**Input**
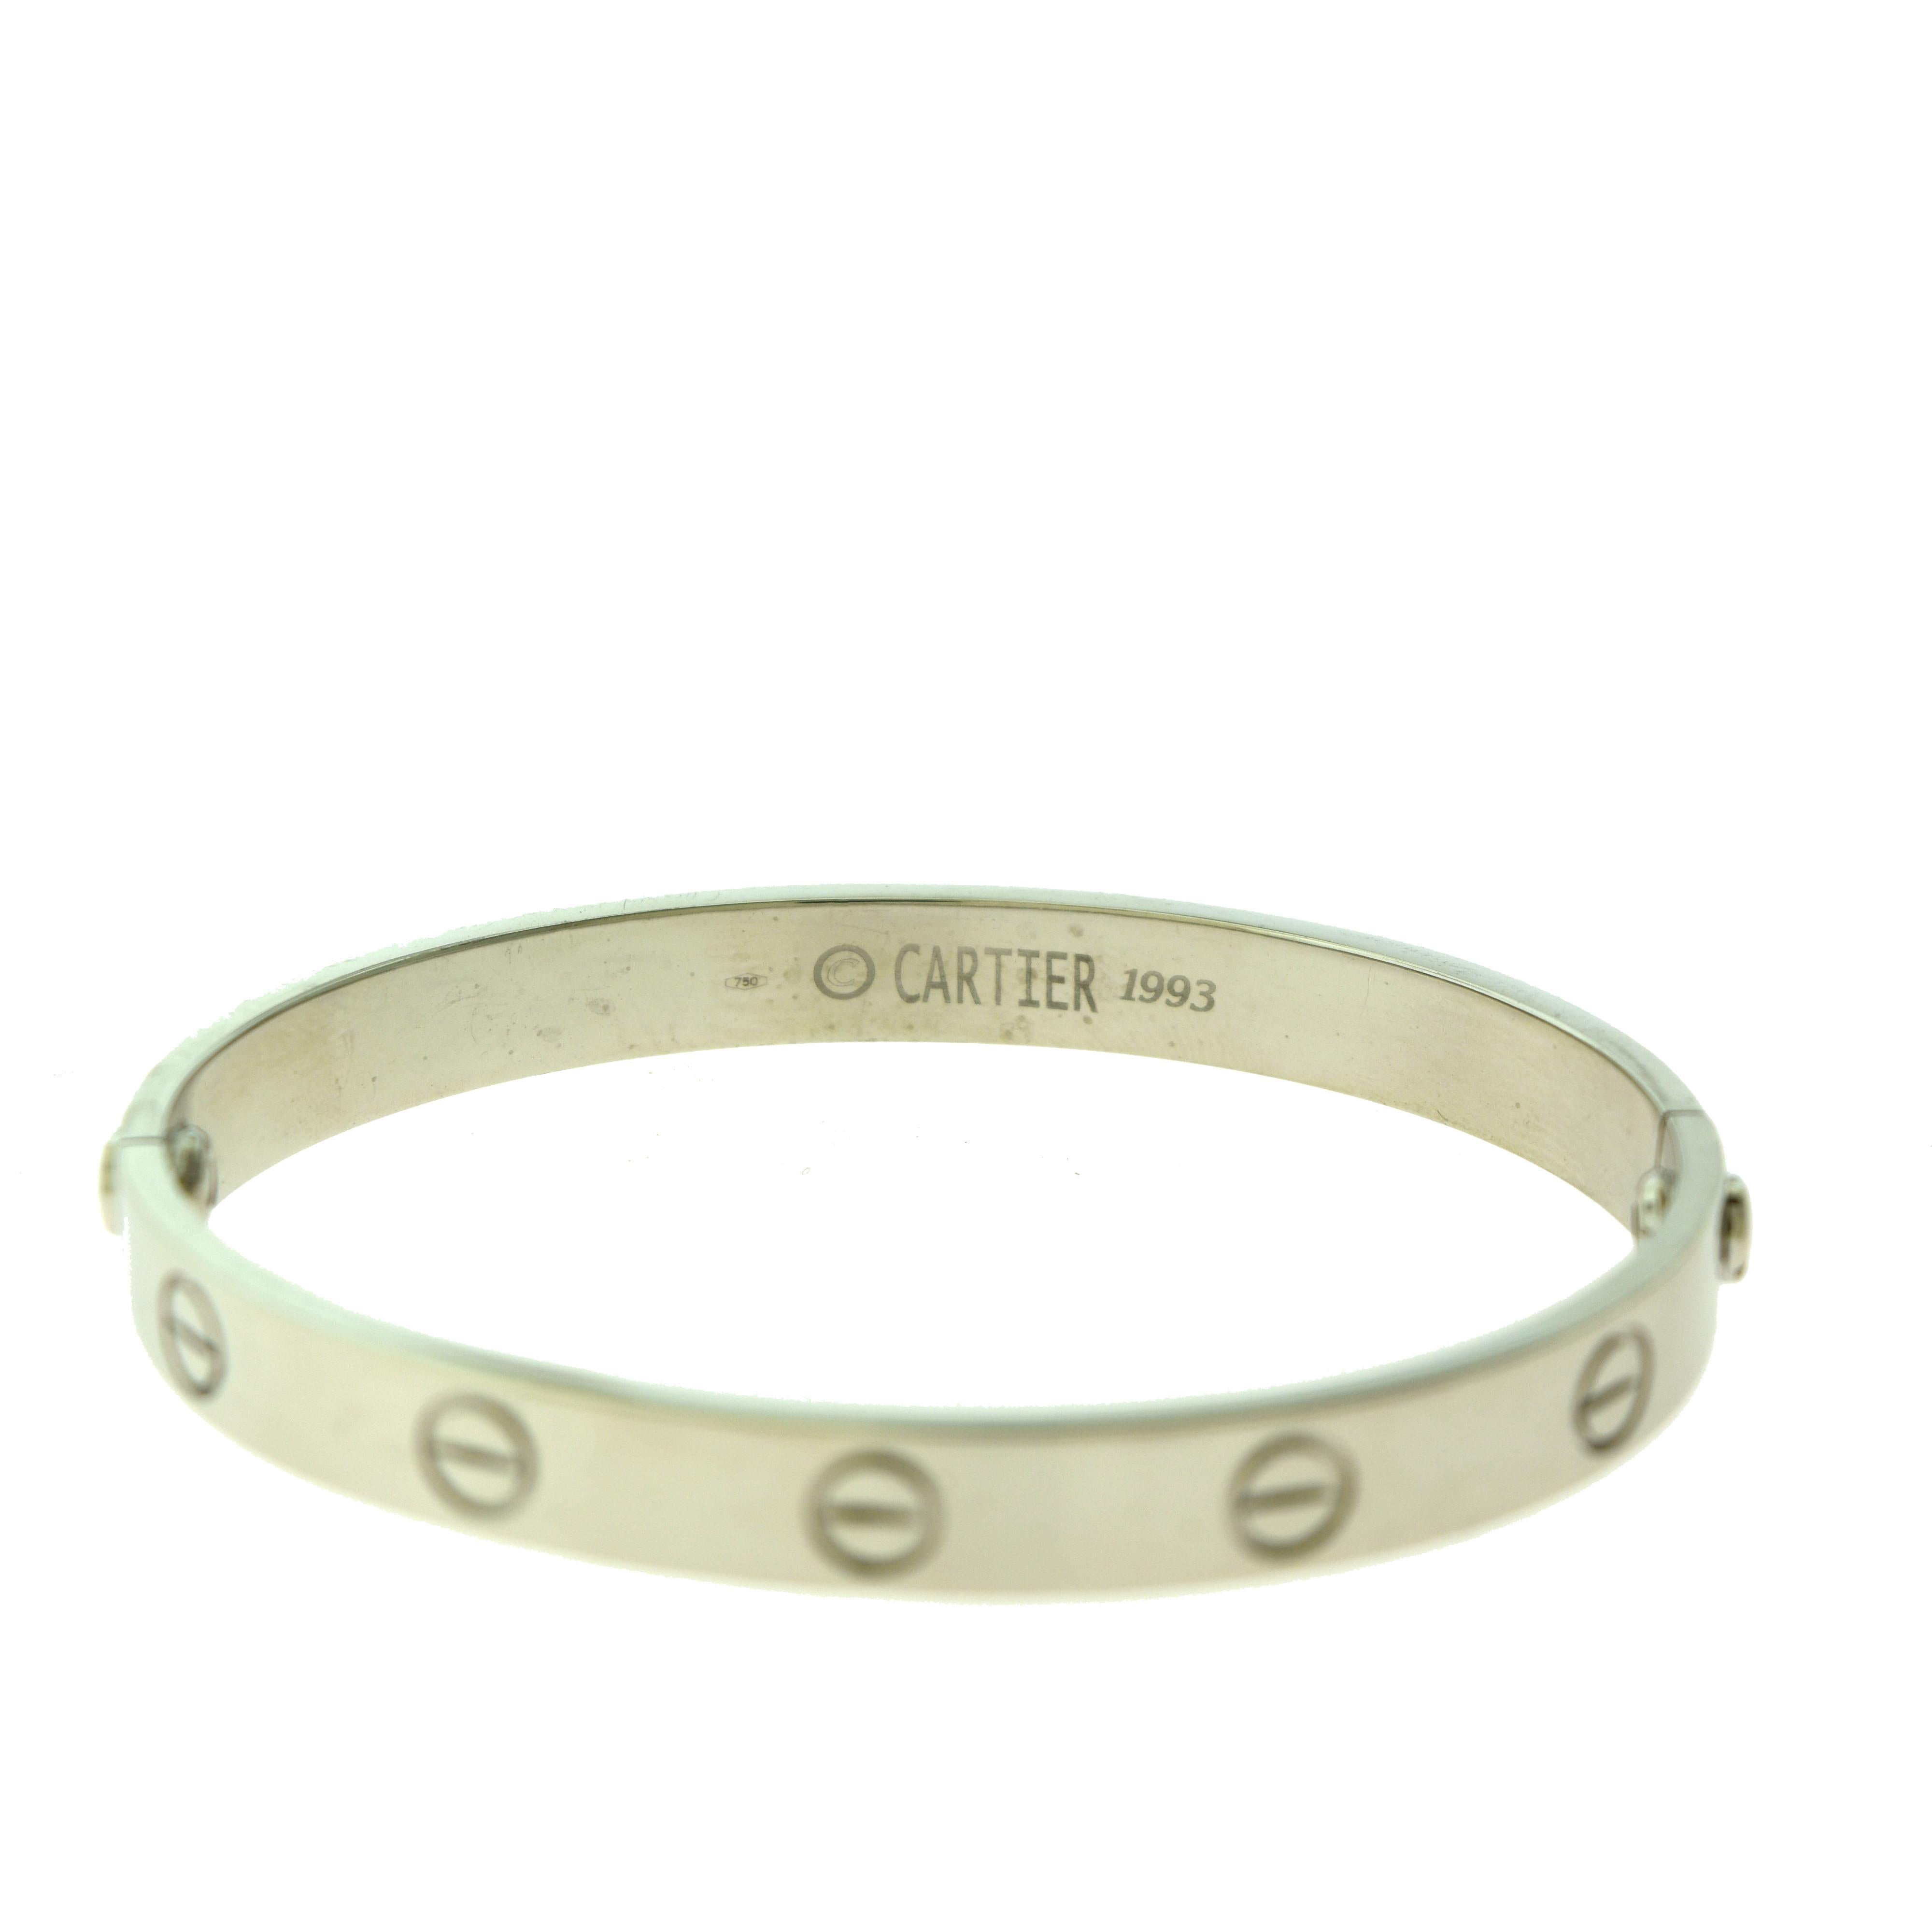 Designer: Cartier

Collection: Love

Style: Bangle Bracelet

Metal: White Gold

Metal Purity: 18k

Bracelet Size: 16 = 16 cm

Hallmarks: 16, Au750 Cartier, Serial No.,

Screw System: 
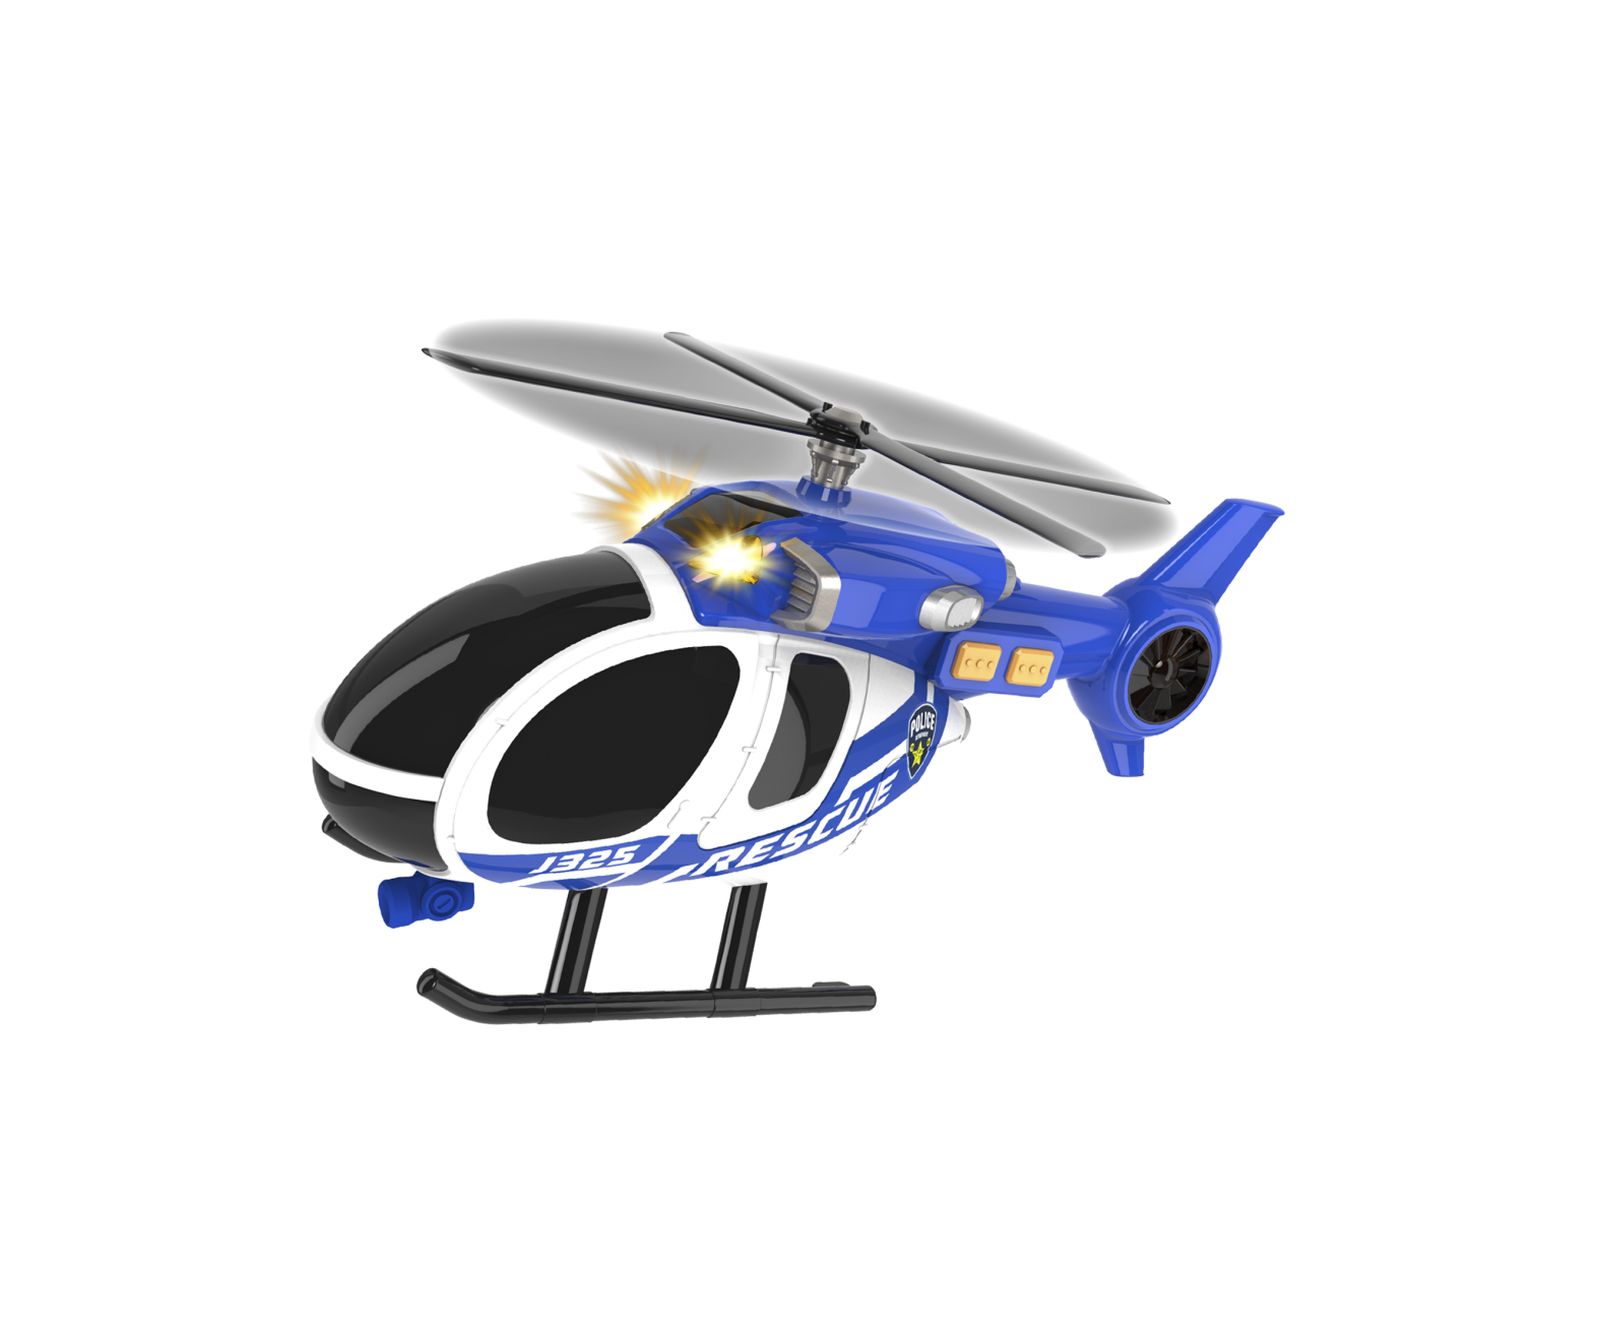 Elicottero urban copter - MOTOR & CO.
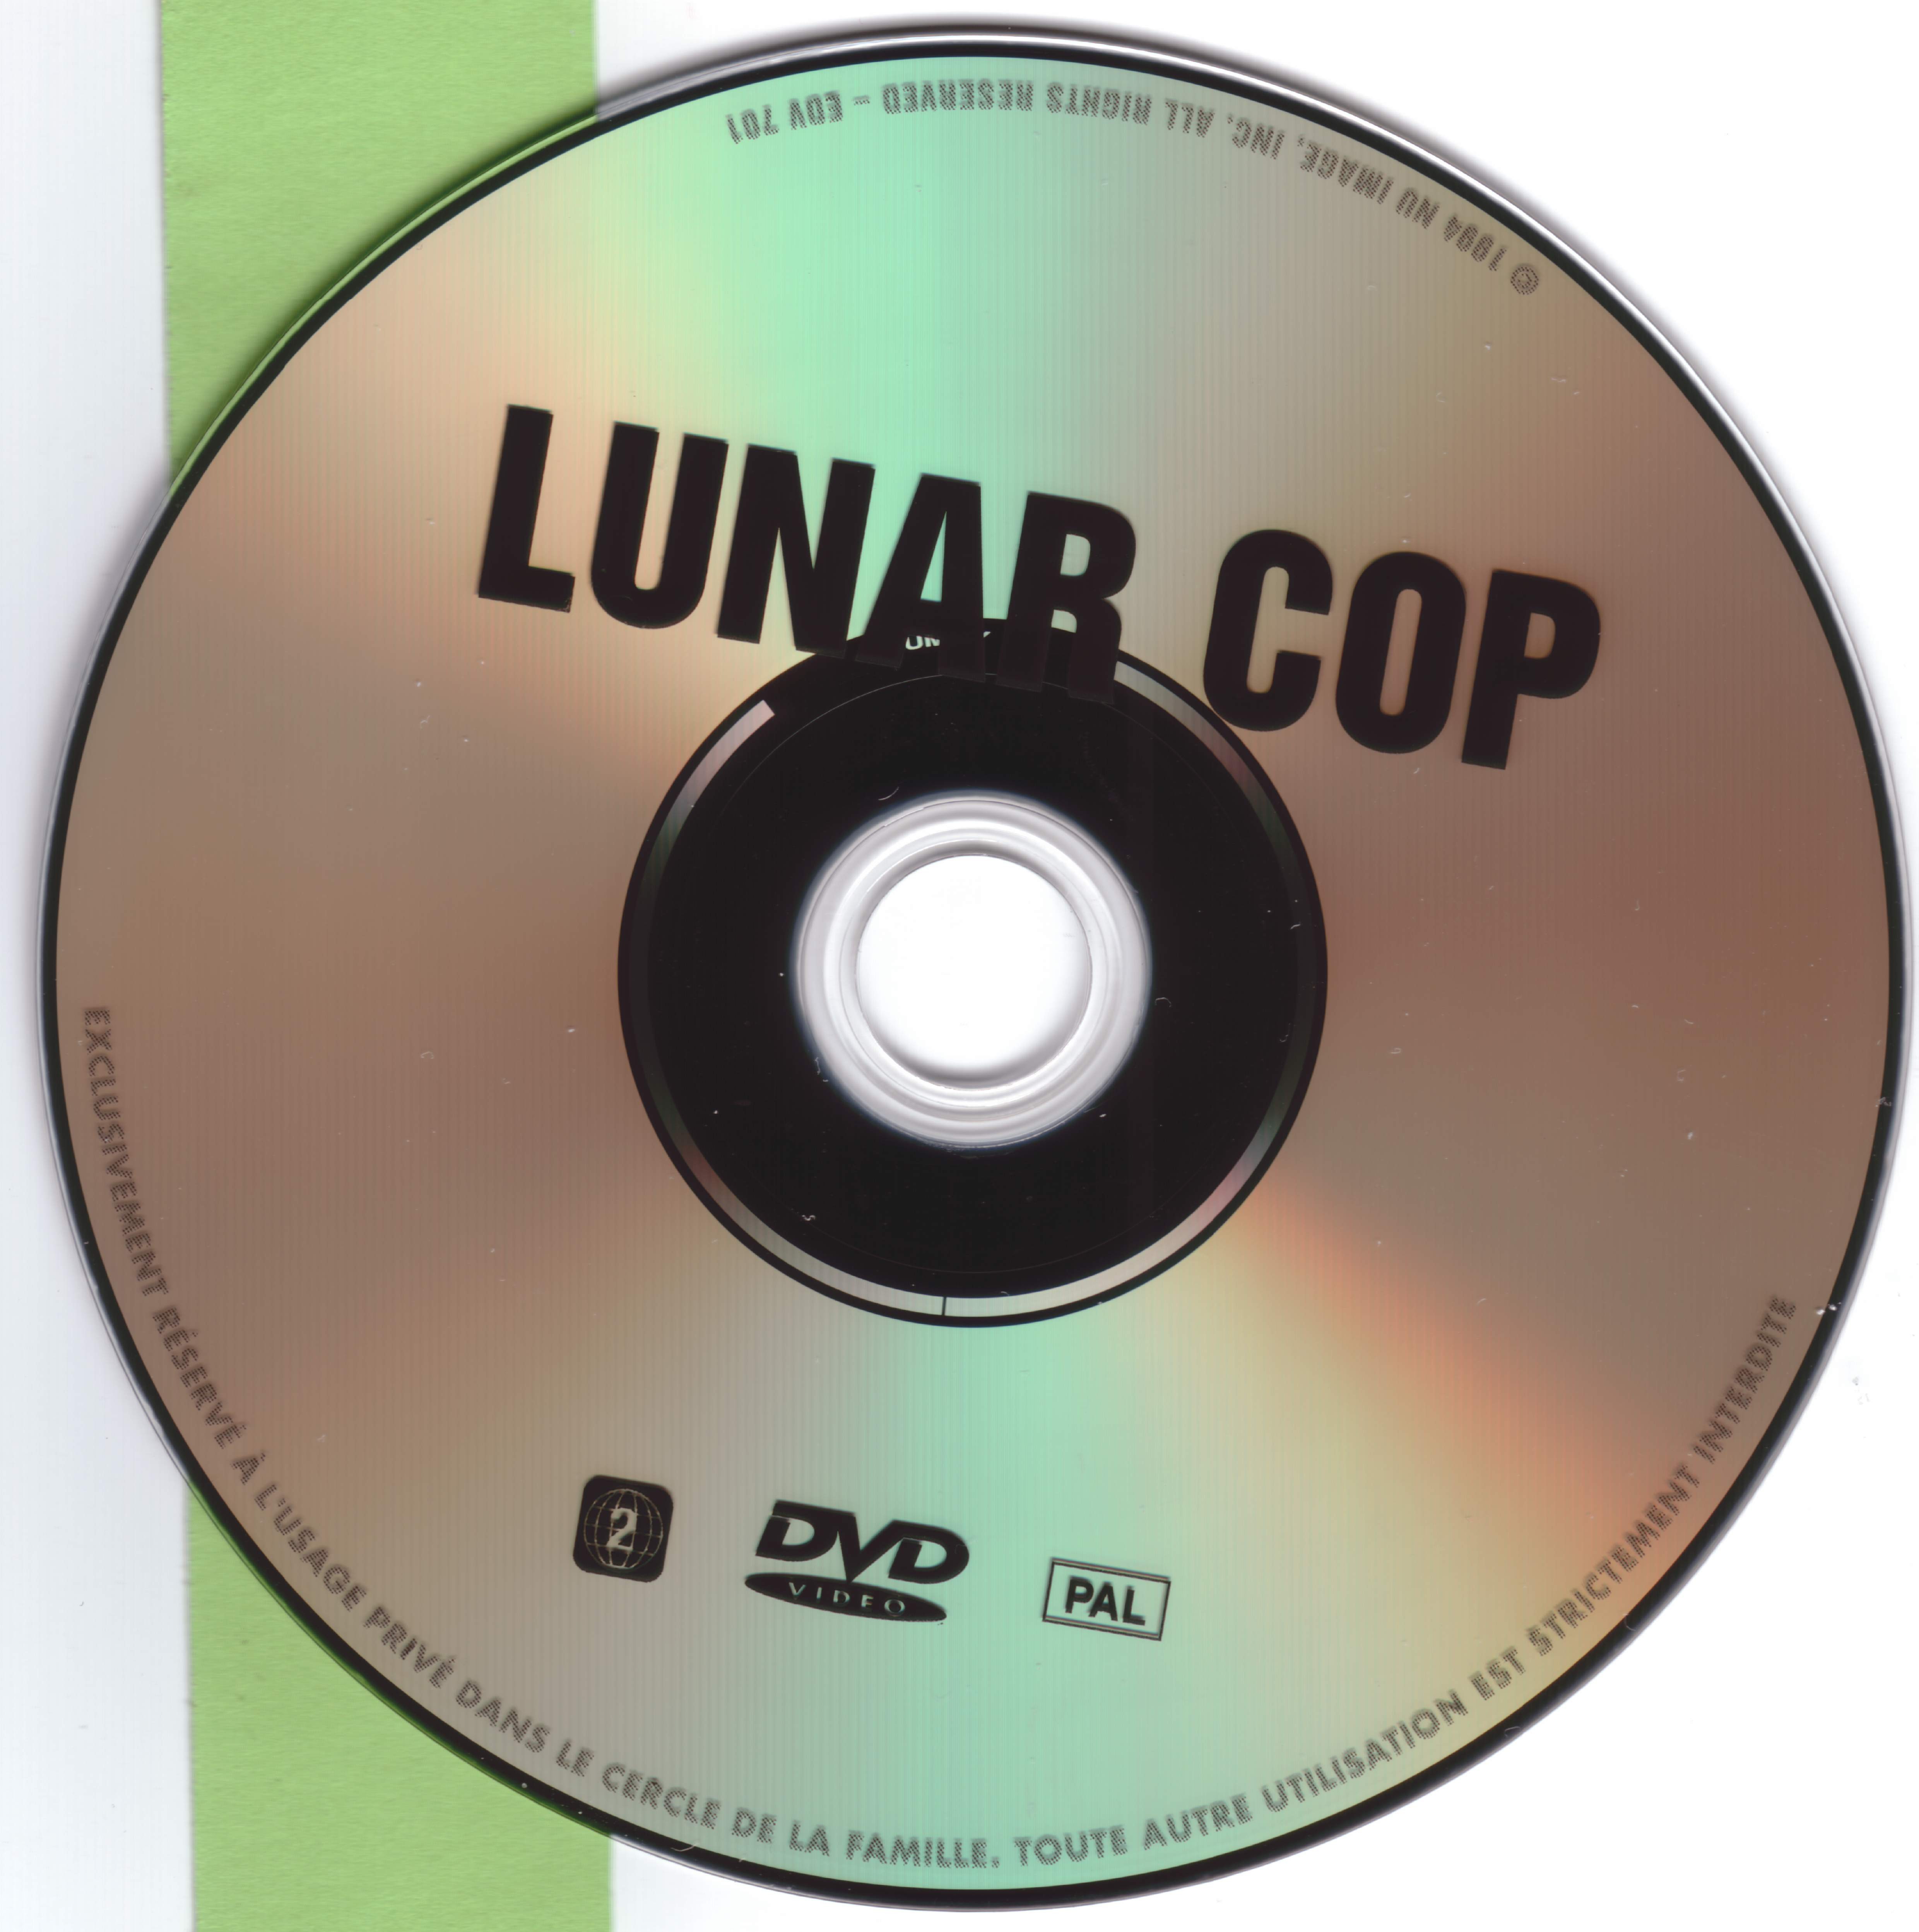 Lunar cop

**Work to complete**
If a line of the data contains the word "Bracelet", count it; say how many such lines there are and nothing else.

**Response**
2